Recovery complete. The hard drive is dying.

I got all of the .jpeg files off of the machine with easeUS by running it twice due to the 1GB limitation.

I then formatted it and tried to reload vista, but it was acting rather wonky. Running a disk check took hours and made no difference.

Called it a bad drive.
Once you've imaged the drive, you should be checking SMART data and running diags on the drive. If the drive is at all suspect, you shouldn't be trying to put Windows back on it. If you do (like you've done), you've wasted time.
 
I've found SMART isn't worth a damn.

When repairing megatouch machines for my uncle, I've found countless drives that SMART thinks are good but turns out that in fact they are not good.

You are right, I did waste about four min worth of my time reloading vista.


The lady did end up paying me $25, which I thought was fine. Never "sold" her this service to begin with, just offered to help her out when some other authority told her the drive was dead and the data unrecoverable.
 
I then formatted it and tried to reload vista, but it was acting rather wonky. Running a disk check took hours and made no difference.
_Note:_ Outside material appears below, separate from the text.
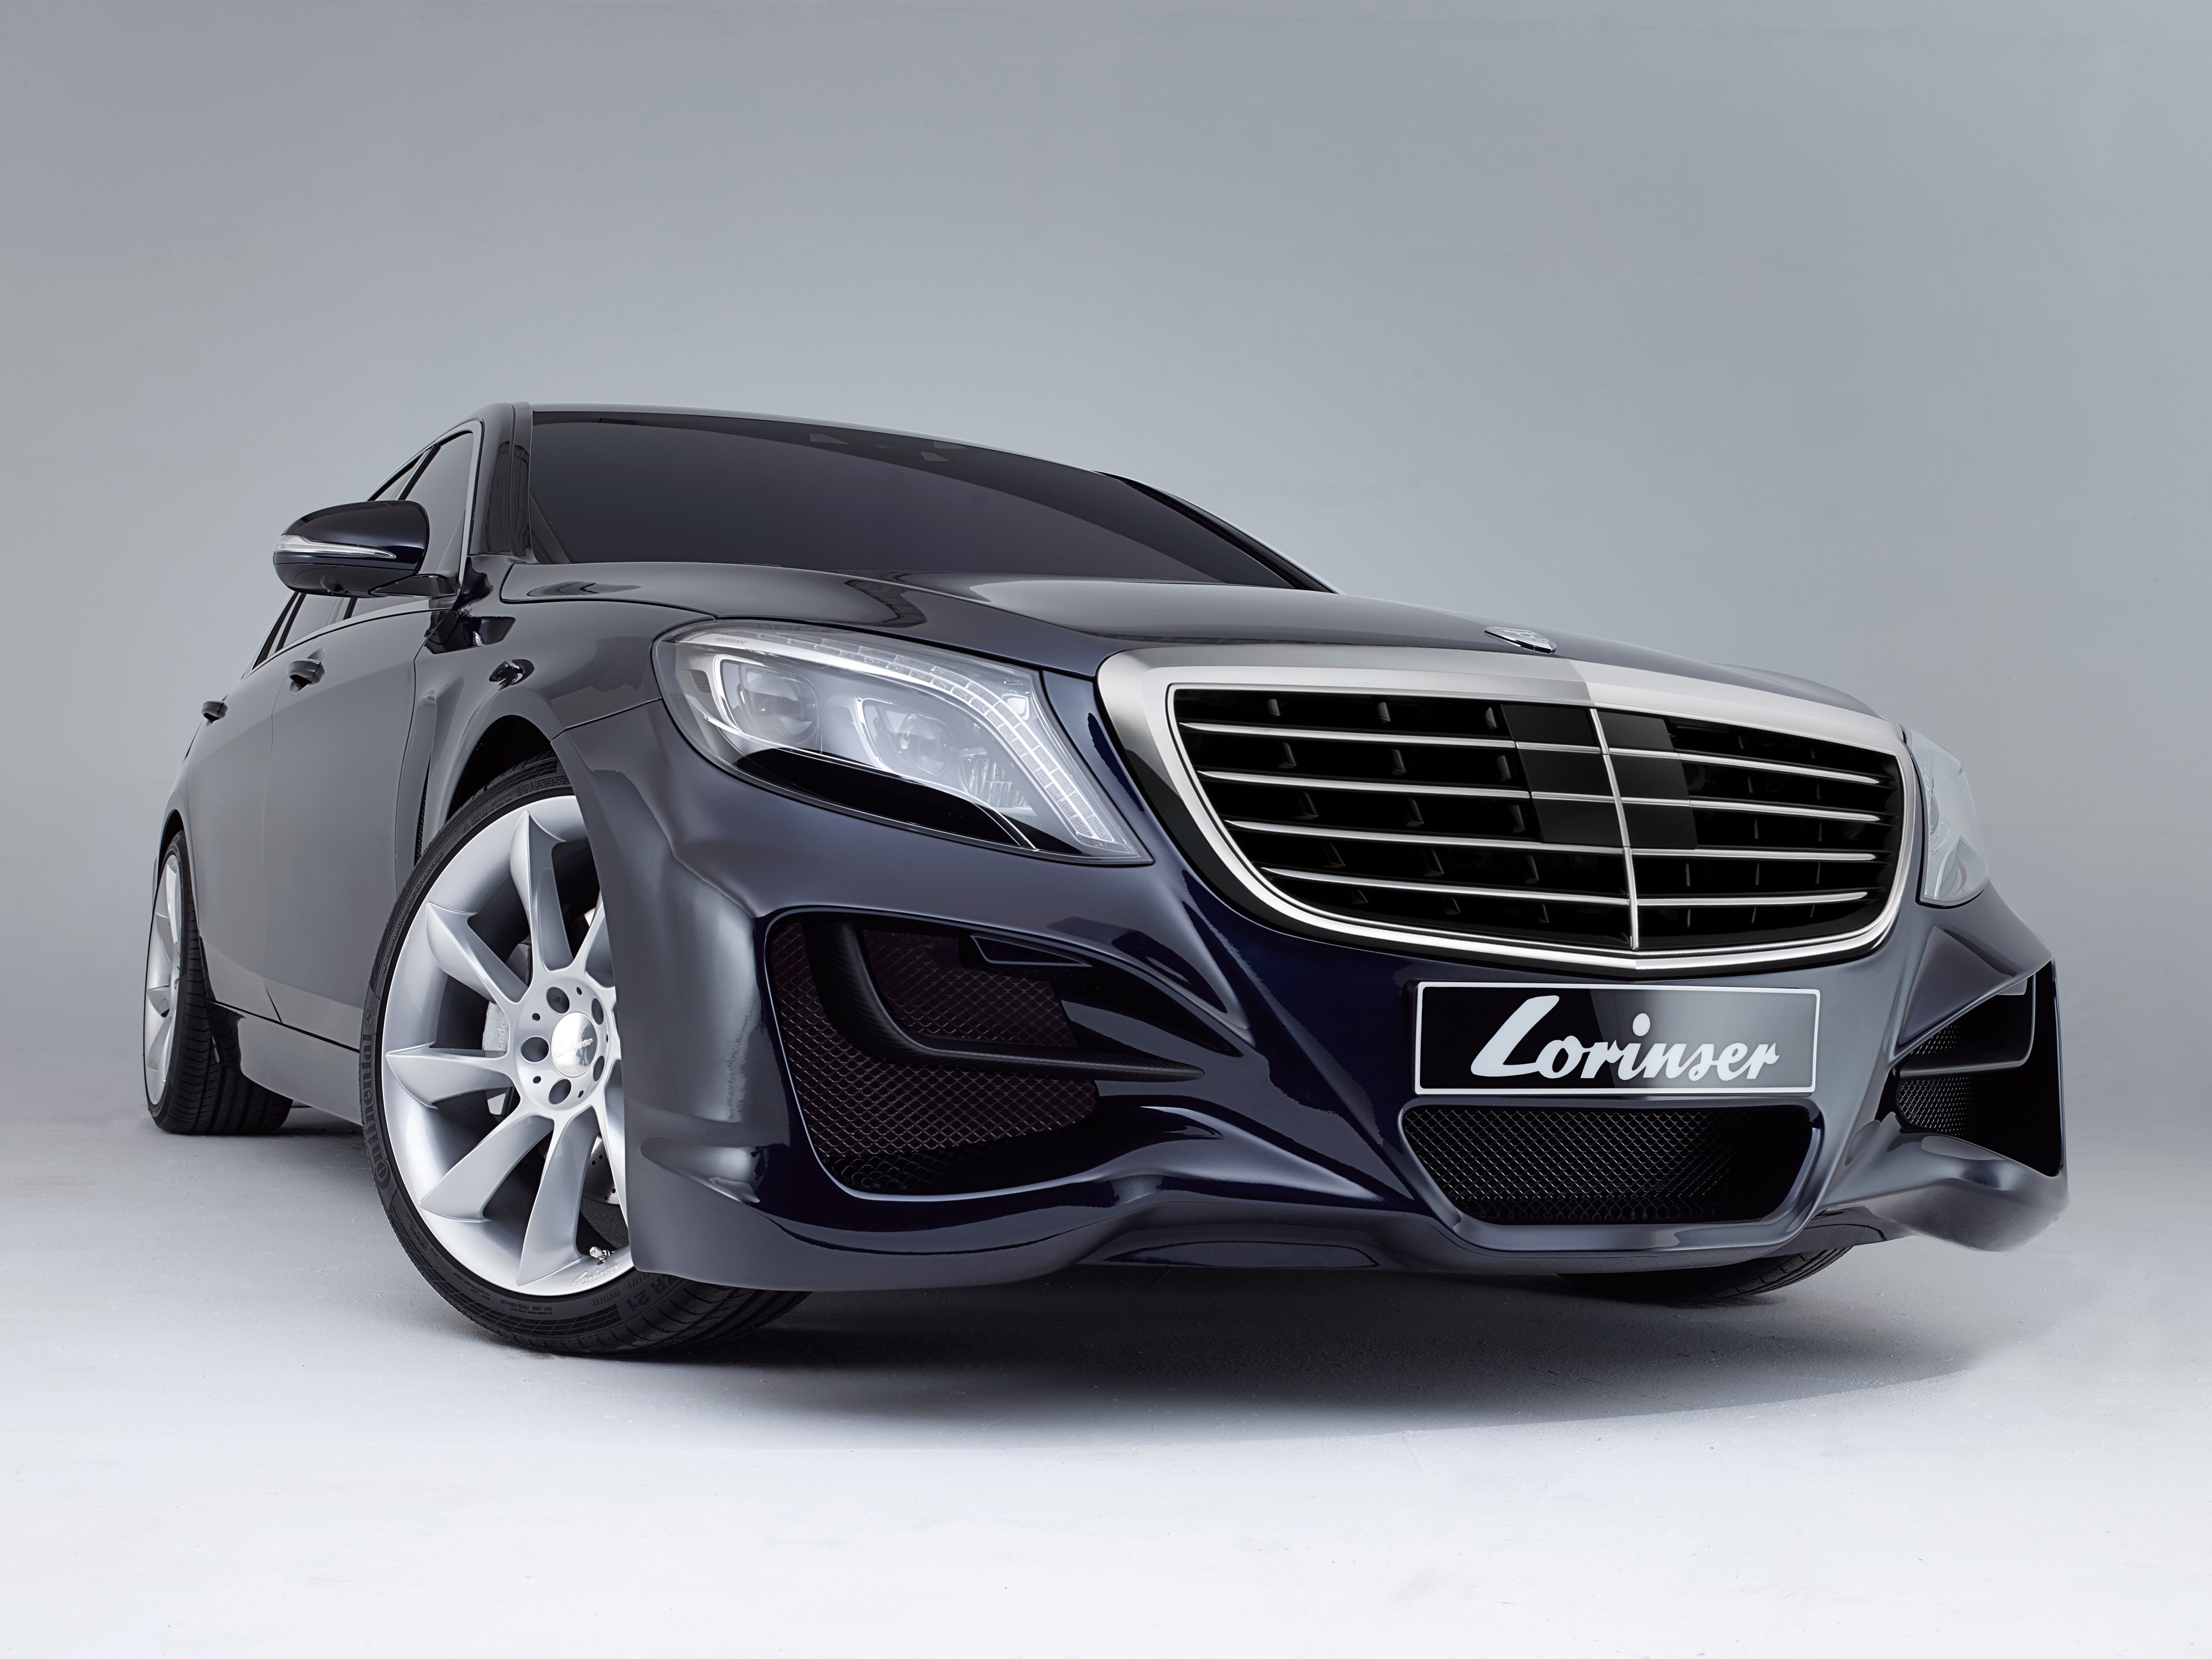 2013, Lorinser, Mercedes, Benz, S klasse, W222, Tuning Wallpaper

Called it a bad drive. The only bad thing about the recovery is that it took a ton of picture files that were crap like cached files from the internet and so on. They have to sift through a few thousand pics to get the ones they want, but hey it's better then nothing.

If a drive goes belly up....I won't even waste a second of my time formatting and trying to reinstall on it. Unless that drive is a month or two old, and you know for a fact that it is simply software corruption on it due to something like a bad power supply that caused the computer to rudely shut off a few dozen times....toss the drive, and use a brand new one to install Windows on.

I have wasted far too much of my time running (and believing ) hard drive test utilities. I've seen them call good drives bad, and call bad drives good. A HDD is a cheap item, you can purchase 2 of them for the cost of 1 hour of my time. Failing drive on a clients rig, new HDD gets put in, clean install on a known good drive. Client gets a computer back with a known new good HDD that is faster than the old drive, so client is happier at the end of the day...for not much more money.